Herkes, biraz da kendisiyle yüzleşmeli, kendisini
sorgulamalı.
Herkes, böylesi günlerde kelimeleri iyi seçerek,
manayı derinden düşünerek vakıf olduğu konularda konuşmalı.
Herkes, kavgacılara ve kavgacı üsluba tepki
göstermeli.
Bununla birlikte kimse, olan biteni ibretle
seyreden bu asil toplumun gözünü boyayabileceği yanılgısına
düşmemeli.
Kimse, kurumların yıpratılmasından,
karmaşadan, belirsizlikten, benlik ve enaniyetten medet
ummamalı.
Umuyorsa kendisini sorgulamalı, bu durumda
samimiyetten asla bahsetmemeli.
RENGİ
SOLANLAR, KİMYASI BOZULANLAR
Ne yazık ki kurumların alerjisiyle yaşayanlar,
vicdanıyla hissiyatın arasına sıkışanlar, gün ışığından kaçarak
karanlıkta fısıldaşanlar var.
Hayatını düşmanlık ve haset üzerine kurgulayanlar
var.
Siyasi seçimlere sayılı günler kalmışken, yeni
anayasa düşüncesi sıcaklığını korurken, bu iki husus
geleceğimizi ilgilendirirken biz enerjimizi nerelerde harcıyoruz?

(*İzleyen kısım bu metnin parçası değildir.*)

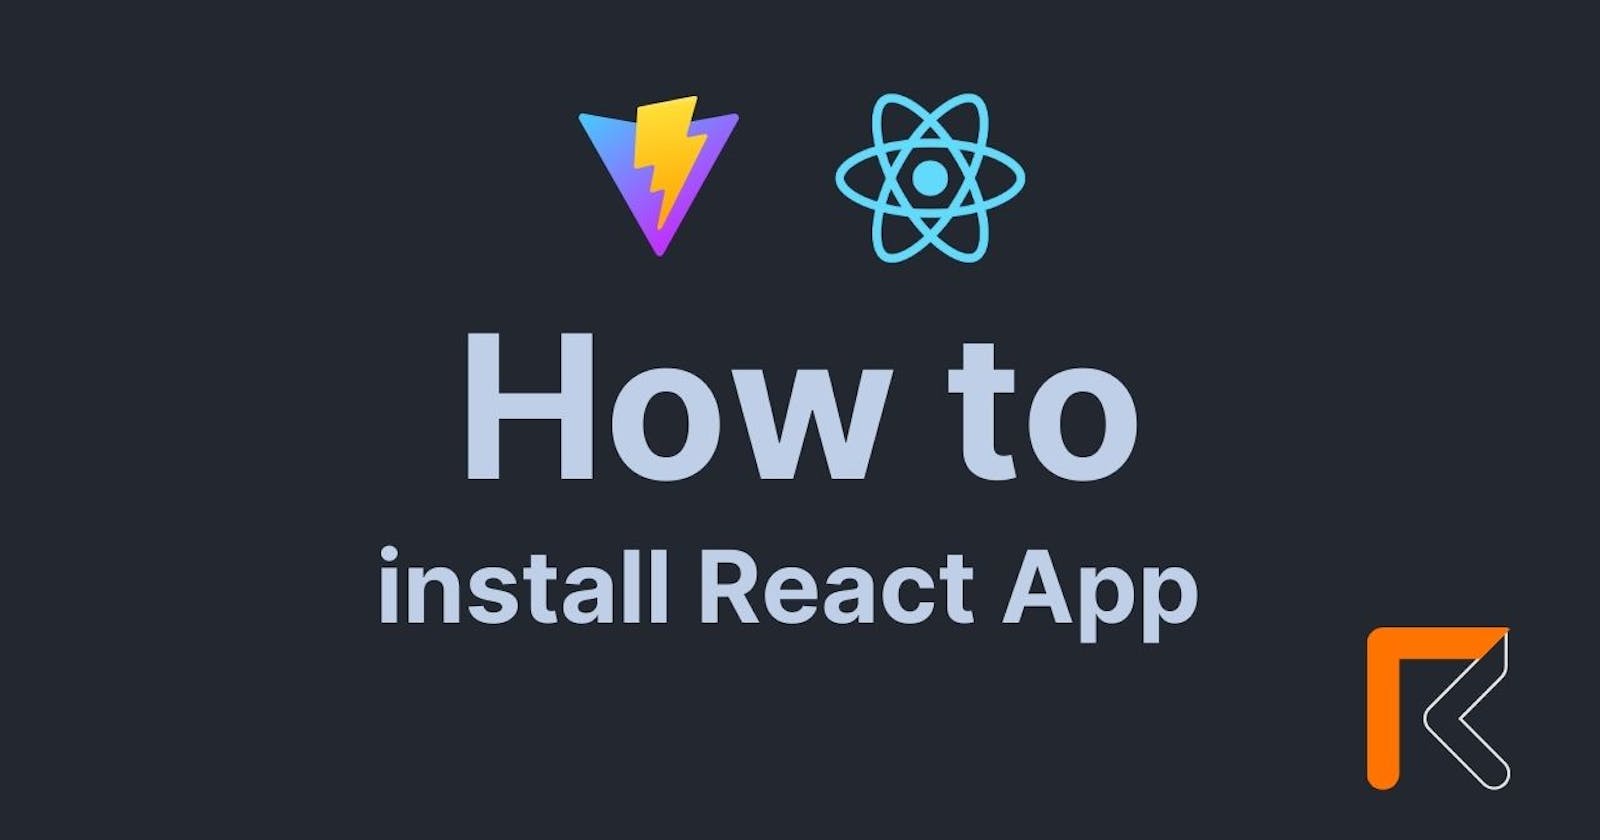 Install React App
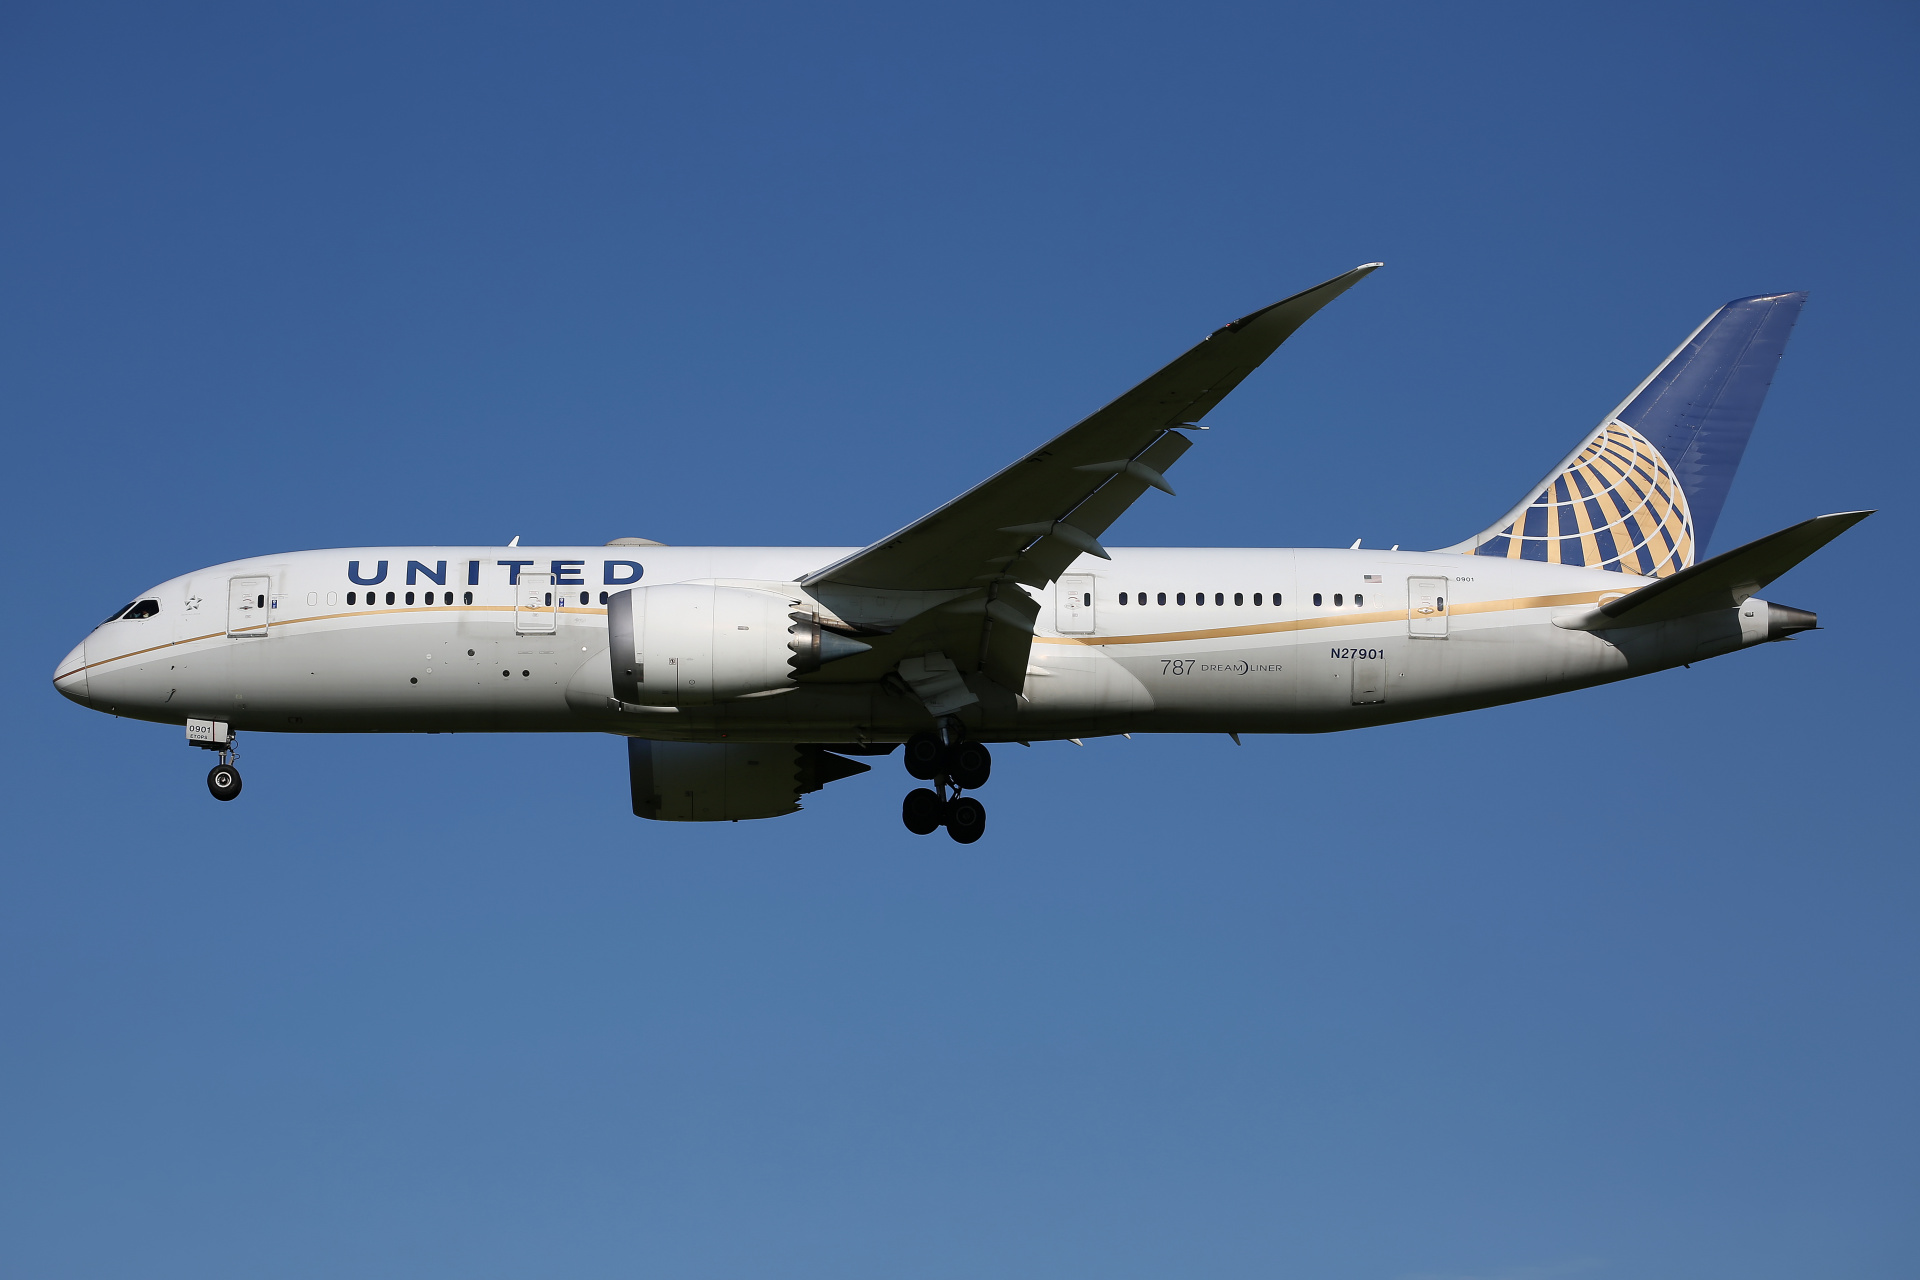 N27901, United Airlines (Aircraft » Schiphol Spotting » Boeing 787-8 Dreamliner)

Bu kabul edilir bir durum mu?
Birlikte geleceği planlamak varken, yapılan her
güzel çalışmayı sorgulamanın, her icraatı eleştirmenin, bugüne
kadar yapıla her şeyi bir kalemde silmenin mantığı nedir?
Objektif görünme kaygısıyla, yapılan her güzel
çalışmanın aleyhinde konuşmanın kime ne yararı var?
Nefrete dayalı, tahakküm amaçlı çıkışlar bunlar.
Sessiz çoğunluk, hayret ve ibretle izliyor olan biteni.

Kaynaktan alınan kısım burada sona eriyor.